━━━━━ Data shown

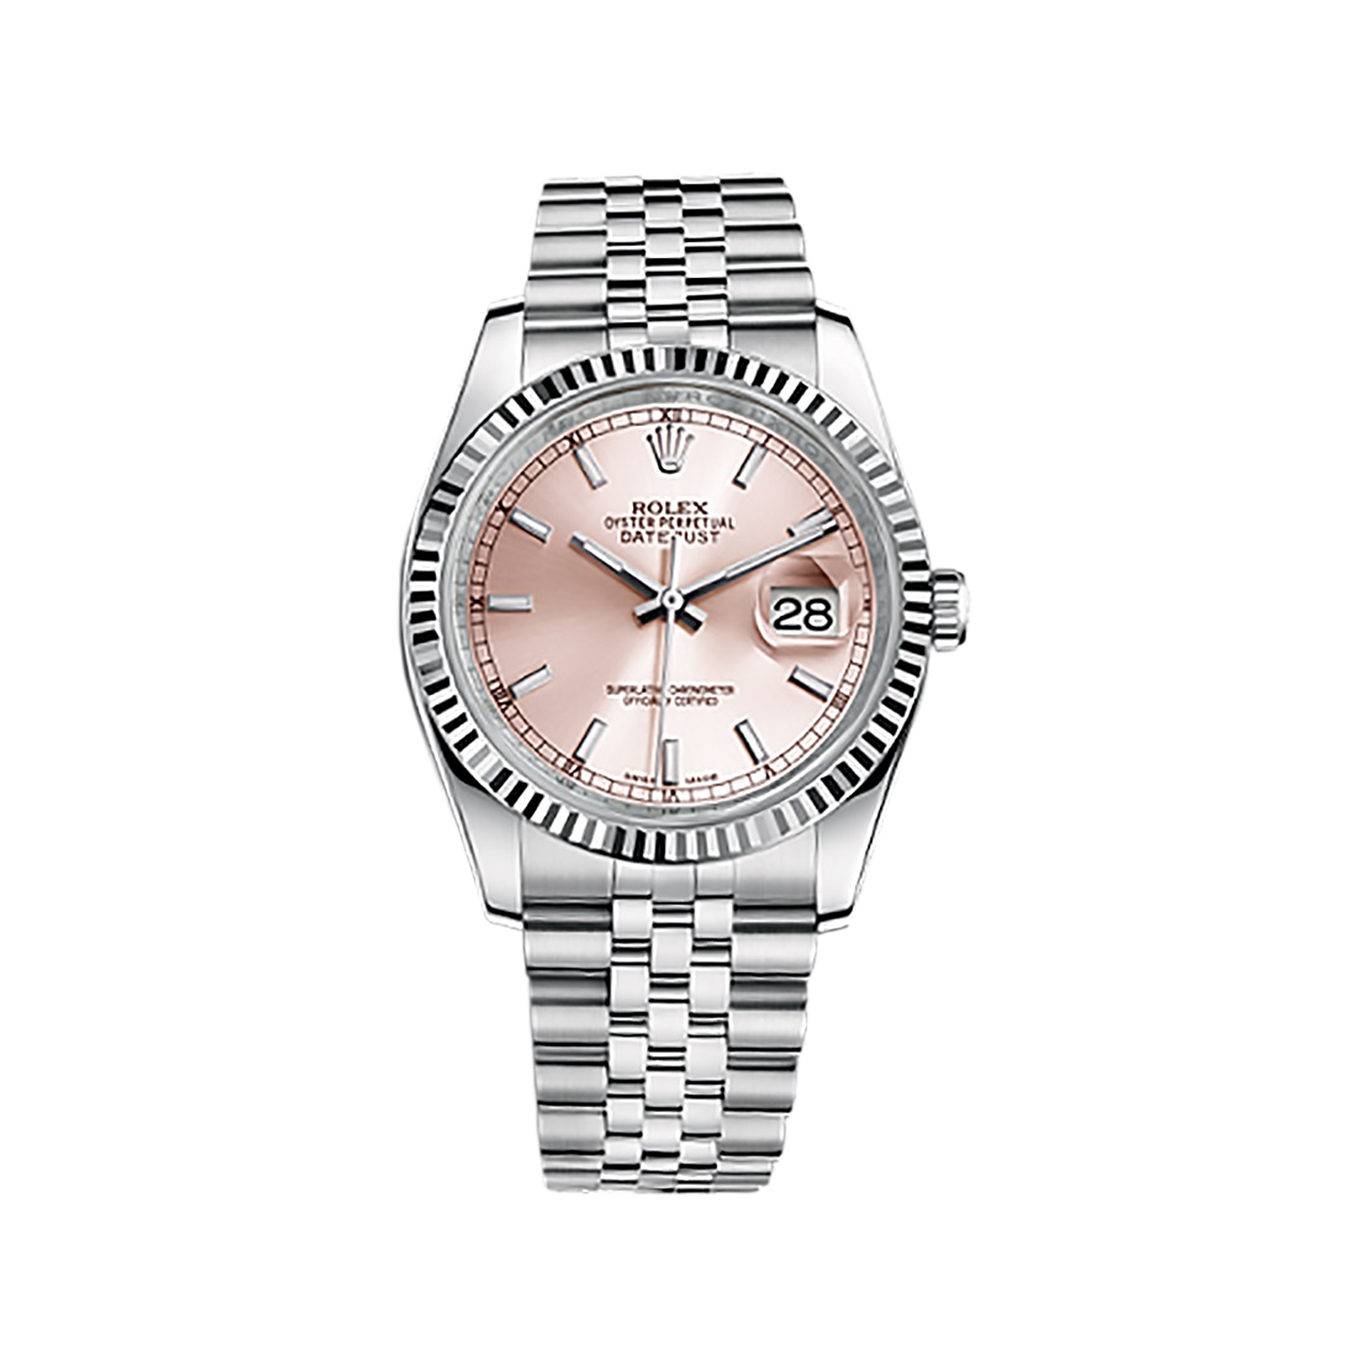 Datejust 36 116234 White Gold & Stainless Steel Watch (Pink)
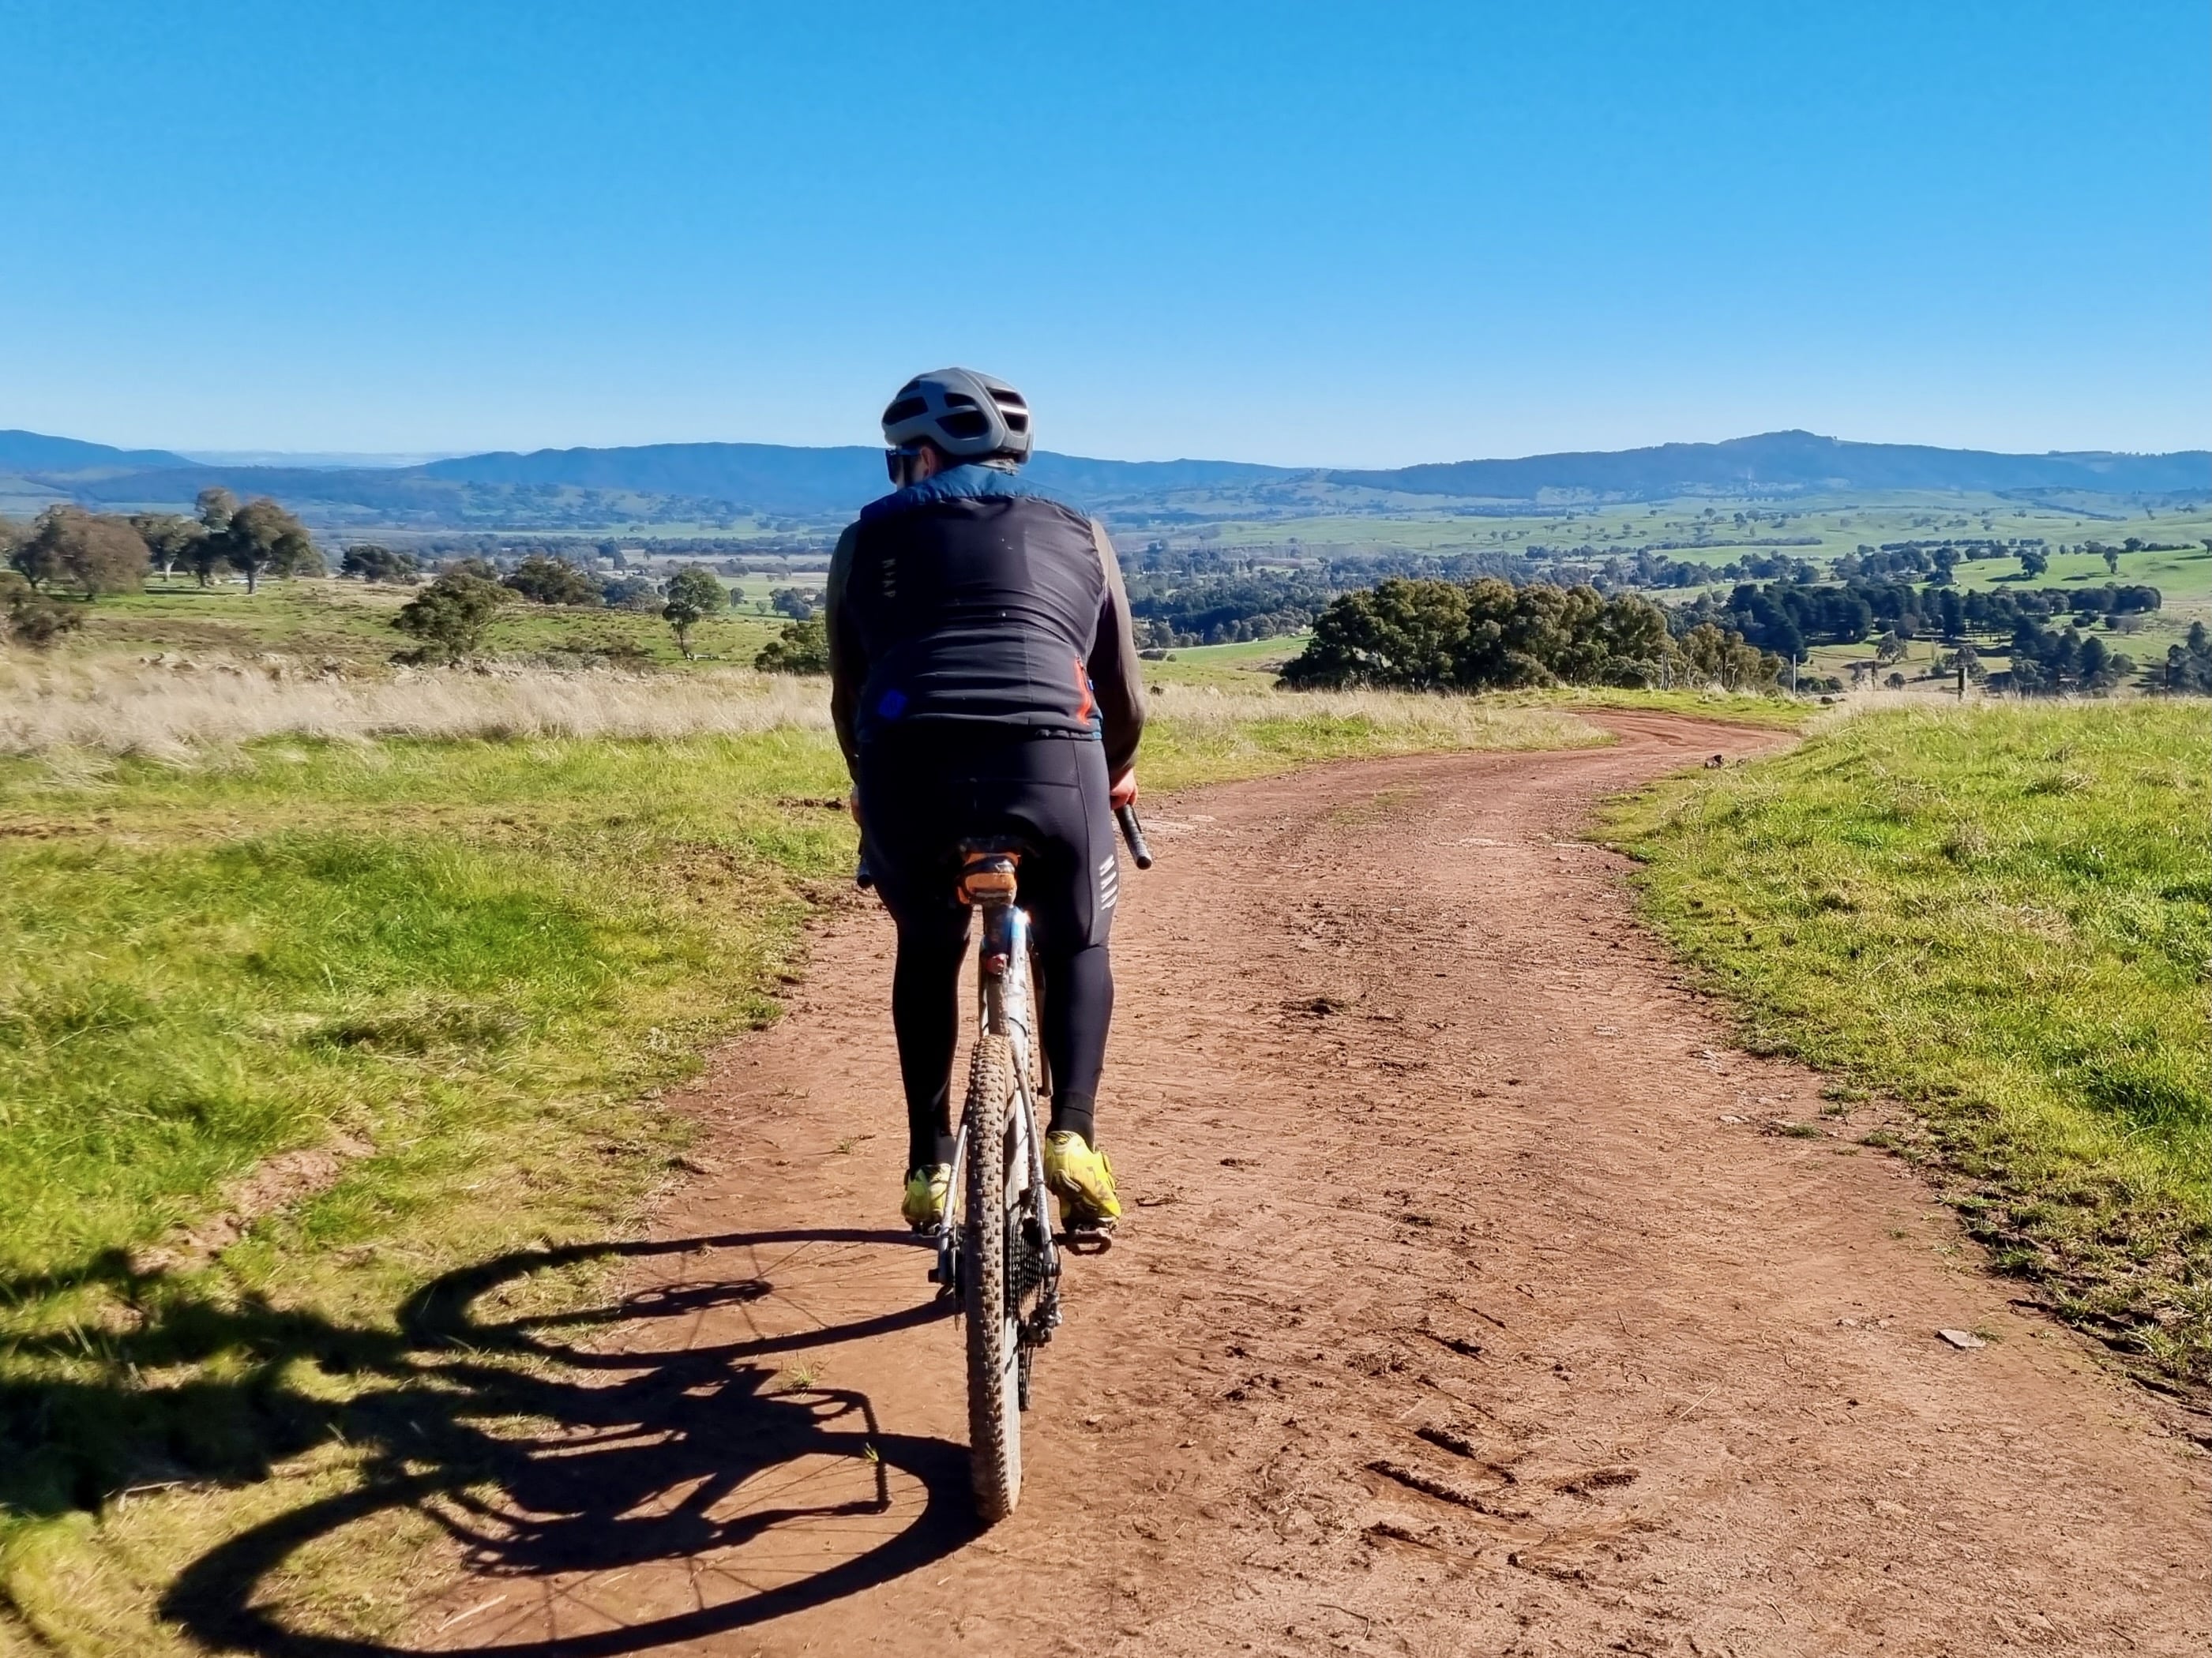 Cyclist riding on a smooth gravel road with rolling hills in the distance on a sunny day
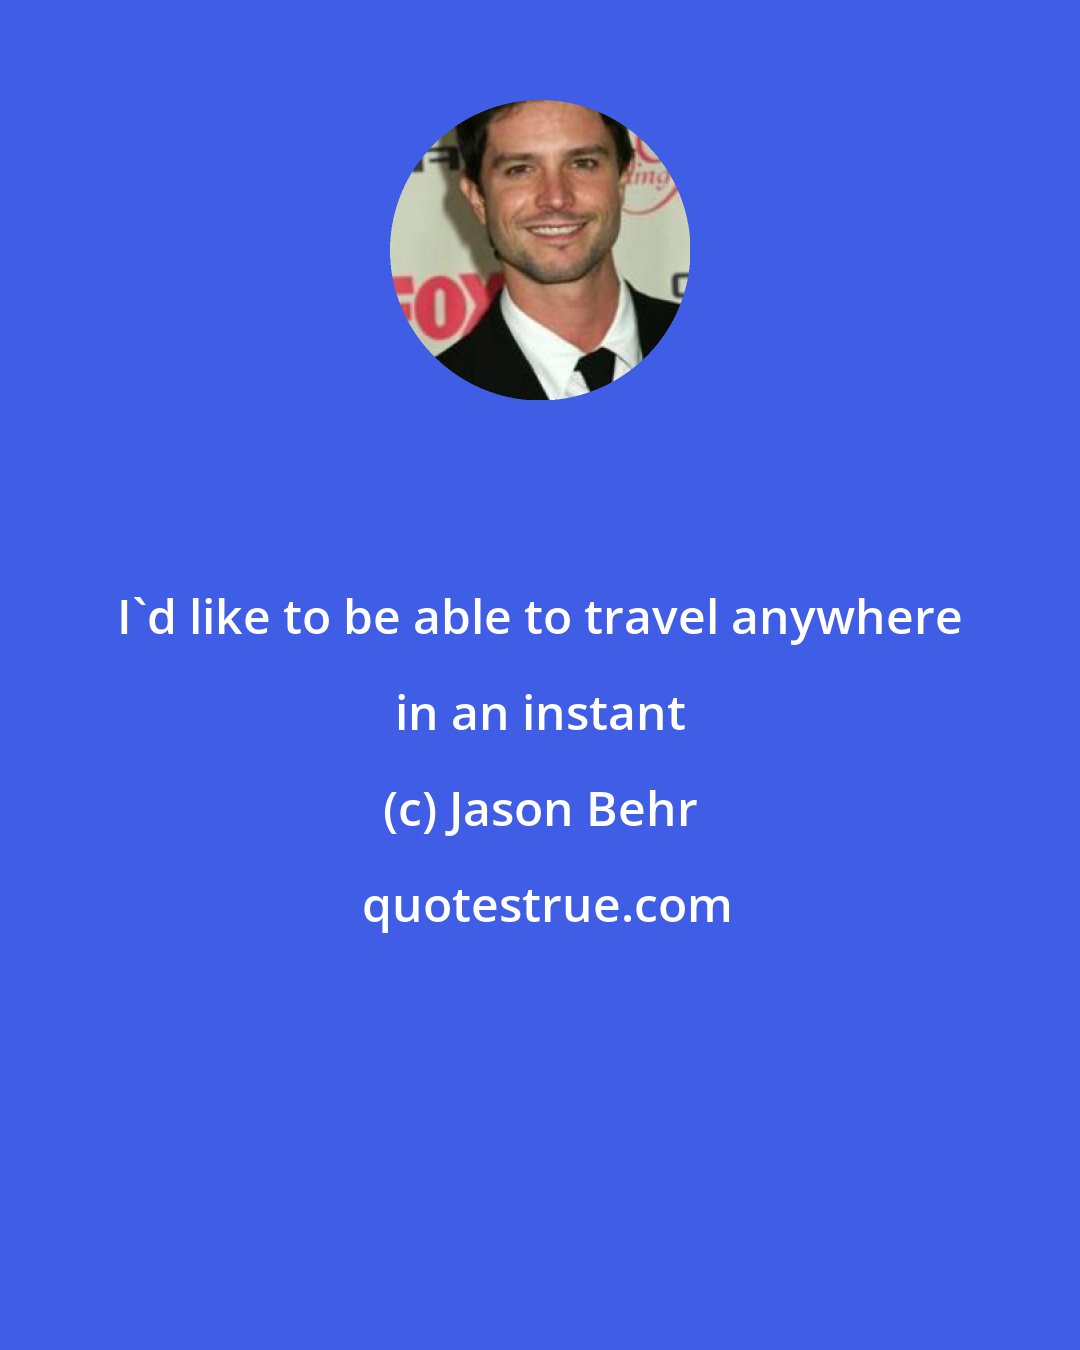 Jason Behr: I'd like to be able to travel anywhere in an instant
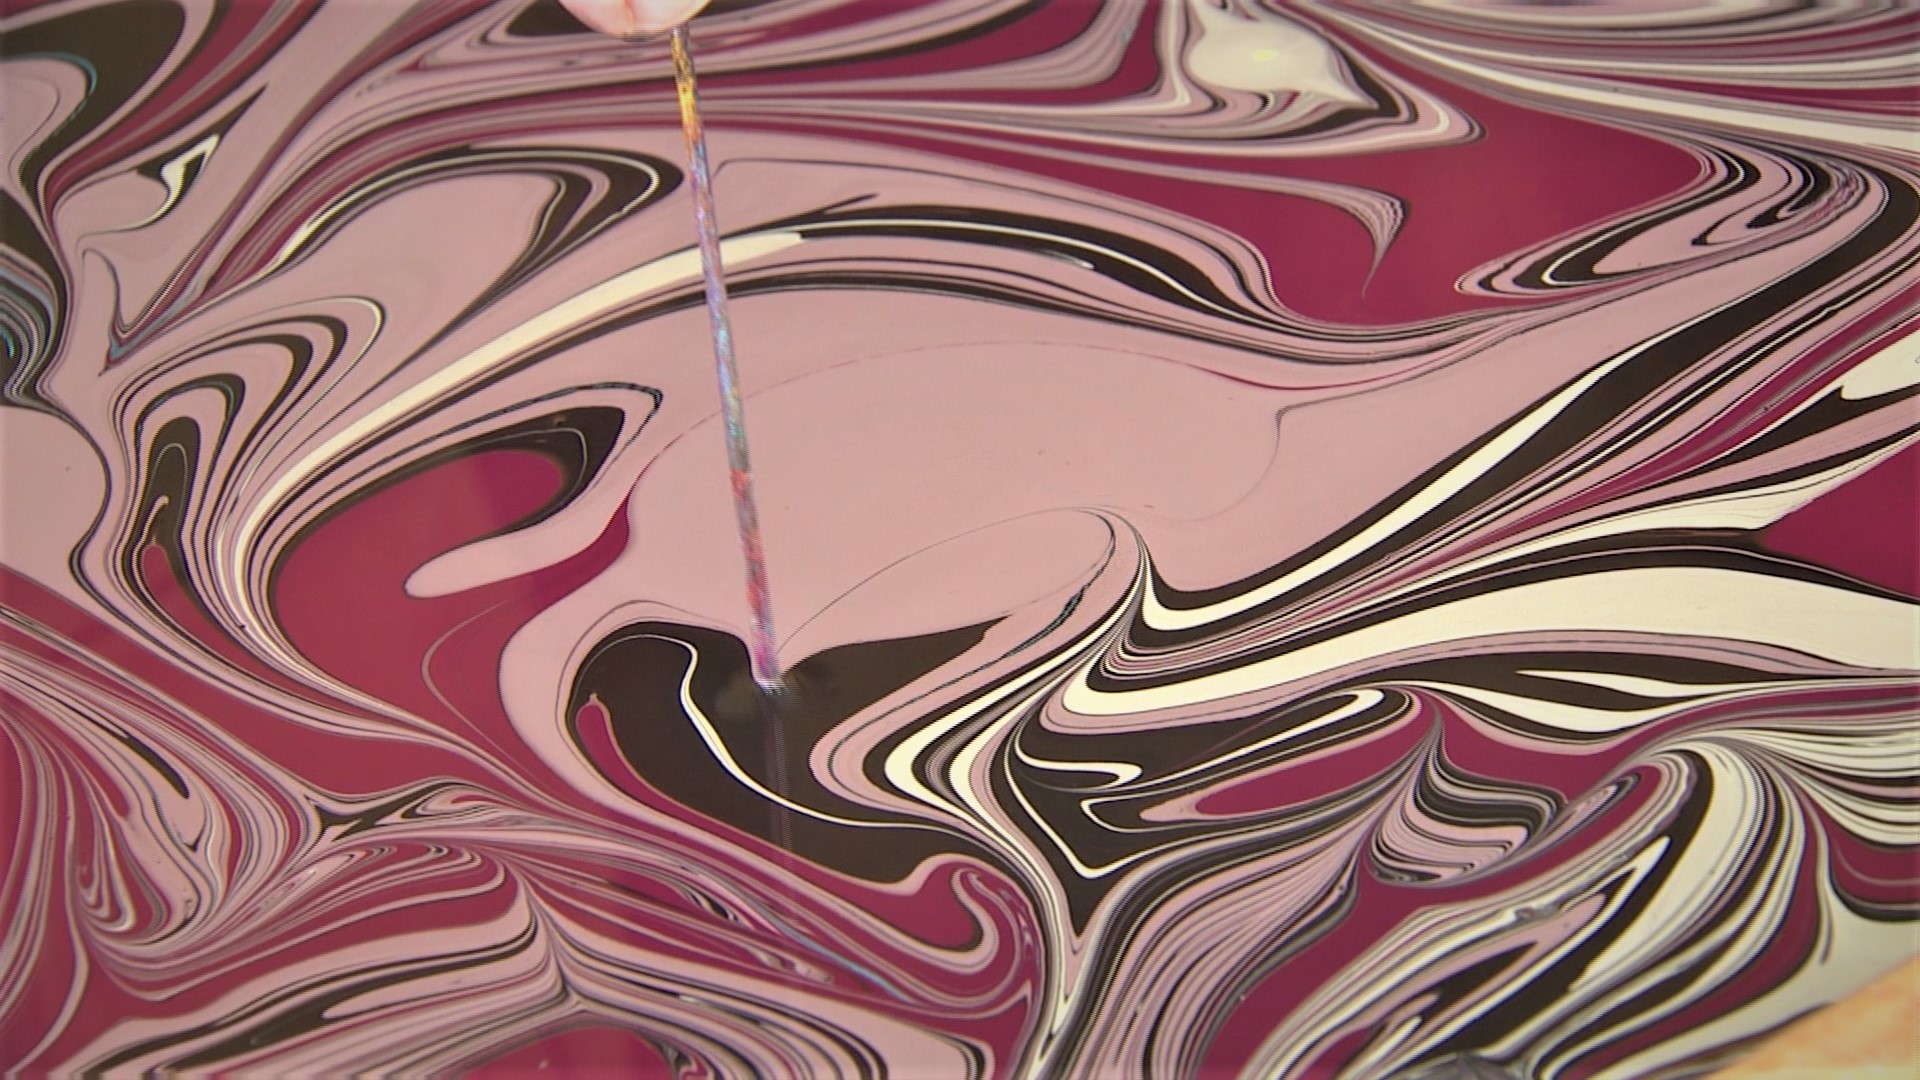 Visit the only shop in the Pacific Northwest offering water marbling art sessions

━━━━━━━━━━

* [Required work] Output the material word for word. Pictures do not go in.

* [Solution]
 Datejust 36 116234 White Gold & Stainless Steel Watch (Pink)
 Cyclist riding on a smooth gravel road with rolling hills in the distance on a sunny day
 Jason Behr: I'd like to be able to travel anywhere in an instant
 Visit the only shop in the Pacific Northwest offering water marbling art sessions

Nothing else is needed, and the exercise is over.